Wednesday, December 7, 2011

Children Playing With Their Unfathomable Toys

Dear God, was is this Aethyr I am come upon?
What spirits are these, labouring in what heavenly light?
No, this is dazzle, but not yet divinity. Nor are these heathen wraiths about me spirits lacking even that vitality.
What then? Am I, like Saint John the Divine, vouchsafed a glimpse of those last times?
Are these the days my death shall spare me?
It would seem we are to suffer an apocalypse of cockatoos...
Morose, barbaric children playing with their unfathomable toys.
Where comes this dullness in your eyes? How has your century numbed you so?
Shall man be given marvels only when he is beyond all wonder?
- From Hell
by Alan Moore and Eddie Campbell
What the crap did John see?
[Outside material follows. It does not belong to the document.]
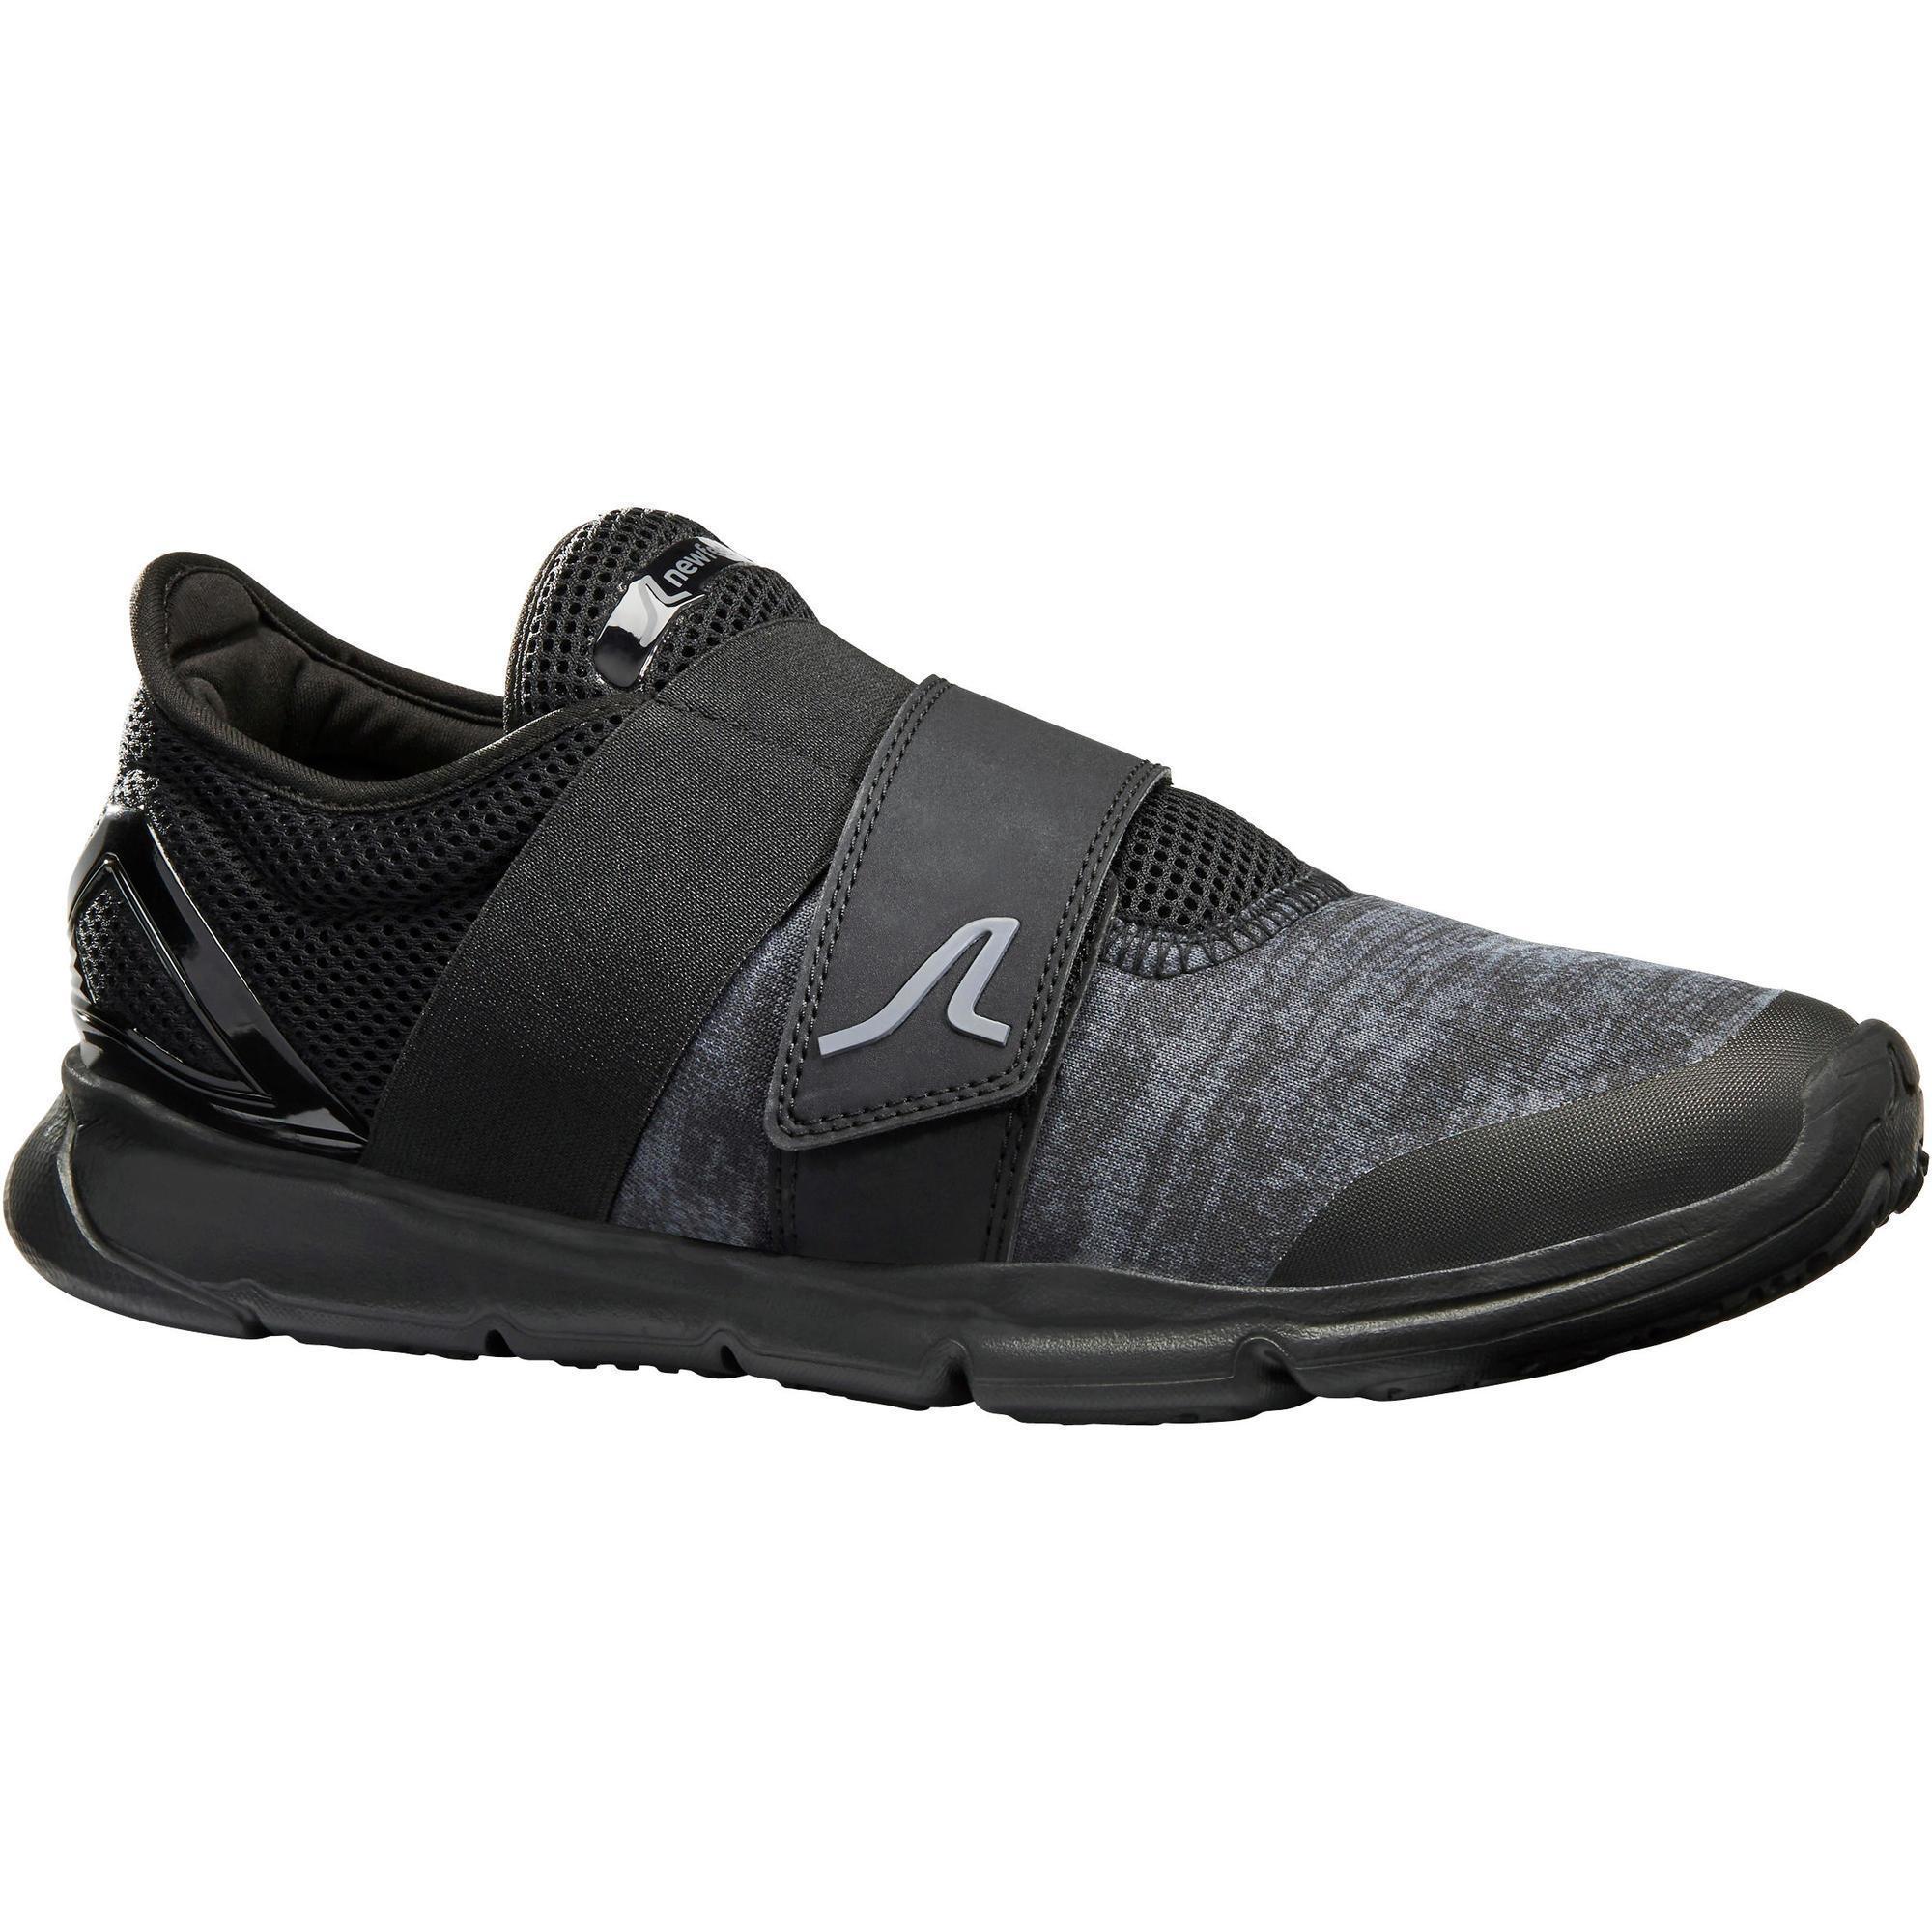 Newfeel Herensneakers voor sportief wandelen Soft 180 strap

Do you ever stop and think about that? Do you ever stop and step back from the reverence and religious significance of Revelation and just wonder about what the crap the guy actually saw or experienced? Was it a divine vision of the end times, or a hallucination, or even just something plucked from a wild imagination?
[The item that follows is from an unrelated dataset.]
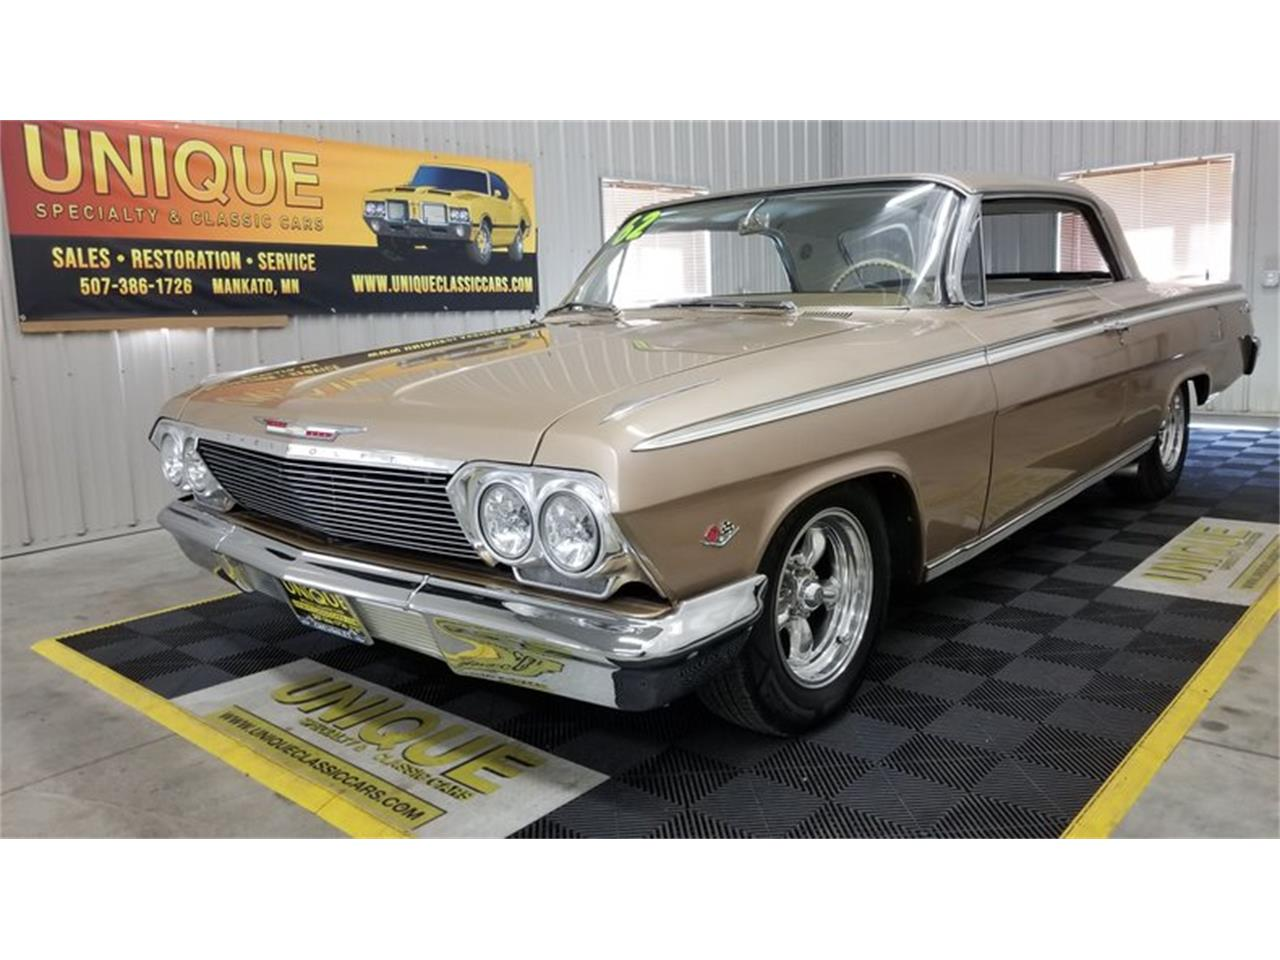 1962 Chevrolet Impala (CC-1239866) for sale in Mankato, Minnesota

If it was a glimpse of the future, how could he have even comprehended it? We always think that the current time is the end of times and that this age shall be the last. I guess people in every generation are just that arrogant to suppose they must be important enough to witness the end of it all. I've heard various theories trying to interpret the imagery in Revelation as 20th century technology. But here we are in the 21st century, and time and technology are still ticking along. If John, or whoever wrote Revelation (easy now), really did receive a glimpse of the future, who's to say that wasn't still far off in our future?

In From Hell, Alan Moore has Jack the Ripper suffer from several hallucinations or, perhaps, visions induced by occult rituals. This man from 1888 suddenly finds himself standing in a modern day office, simply astounded by all the gadgets that we use on a daily basis. And even more so, he's confounded by our lack of amazement with such devices.
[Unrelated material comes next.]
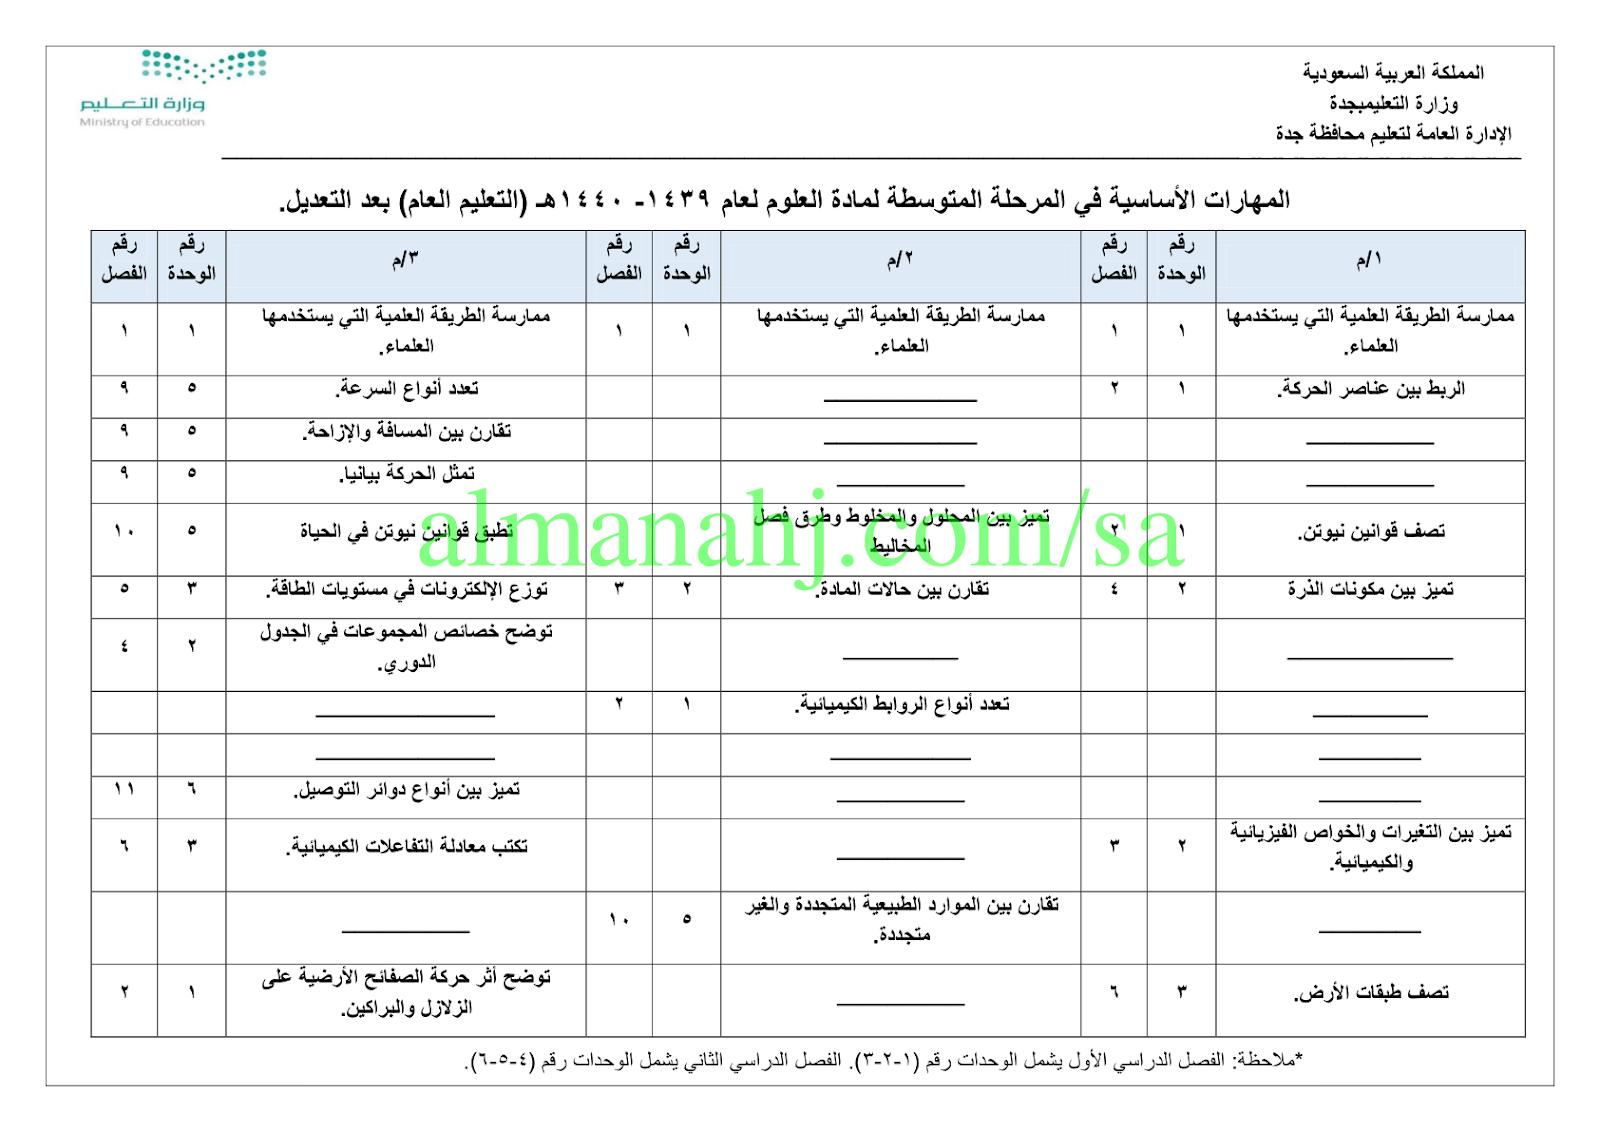 المهارات الأساسية في المرحلة المتوسطة مرحلة متوسطة علوم الفصل الأول المناهج السعودية

We have technology in our pockets that allows us to call anyone, anywhere, and access a global wealth of information and data. And it is insufficient. We are always waiting, looking for, and anticipating the next big thing, even if it's just a minor improvement on the technology we currently hold in our hands. We have attained vast technological sophistication beyond the dreams of Jack the Ripper, let alone a man on Patmos 2000 years ago. And we are never satisfied.

We went to the moon. We got rather bored with it.

Maybe the apocalypse won't be filled with grandiose chaos and catastrophe on a Michael Bay scale. Maybe the end of mankind comes when we are given all the wonders of the world and they no longer interest us.